For communities like Handsworth, the stakes are clear.
“We’re used to being spoken about, not spoken to,” said Aisha Rafiq. “But the truth is, Handsworth represents the future of this country, multifaith, multilingual, multiethnic. If that makes some politicians uncomfortable, maybe it says more about them than about us.”
Britain’s Conversation About Itself:
What began as a stray remark at a dinner has become a mirror reflecting Britain’s anxieties about who belongs and who defines belonging.
As the Bishop of Birmingham put it:
“We must ask whether this rhetoric contributes to unity, or deepens the divides that already exist.”
For Handsworth, a place where curry houses sit beside Pentecostal churches and reggae blares from passing cars, that answer seems clear.
“We’ve lived together for decades,” said Gurpreet Singh, standing behind his shop counter.
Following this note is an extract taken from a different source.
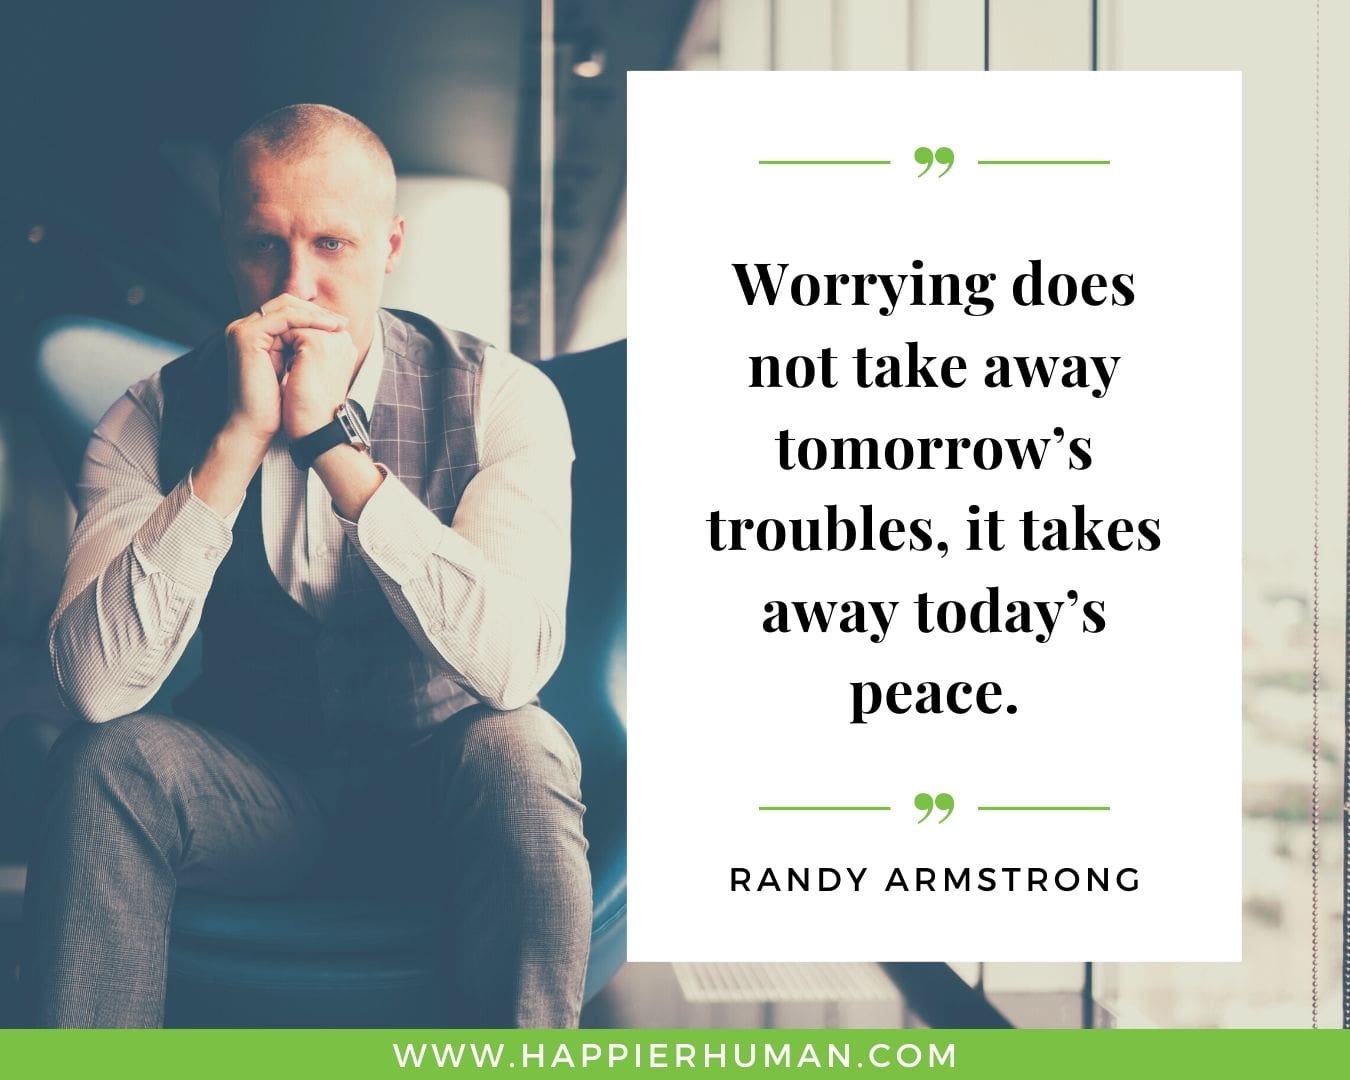 Overthinking Quotes - “Worrying does not take away tomorrow’s troubles, it takes away today’s peace.” - Randy Armstrong

Handsworth has long been a mirror of Britain, resilient, diverse, and alive with stories of migration, faith, and working-class pride. To reduce it to a “slum” is to erase the generations who built it, who kept its streets alive even as austerity stripped its services bare. The truth is, Handsworth didn’t fall into neglect because of who lives there, but because of who governs from afar.
If politicians are sincere about integration, they might start by integrating compassion with policy, truth with rhetoric. Because the question that now hangs over this controversy is not whether Handsworth belongs to Britain, but whether Britain’s leaders still recognise themselves in the country they claim to represent.
“If That’s Not Integration, I Don’t Know What Is”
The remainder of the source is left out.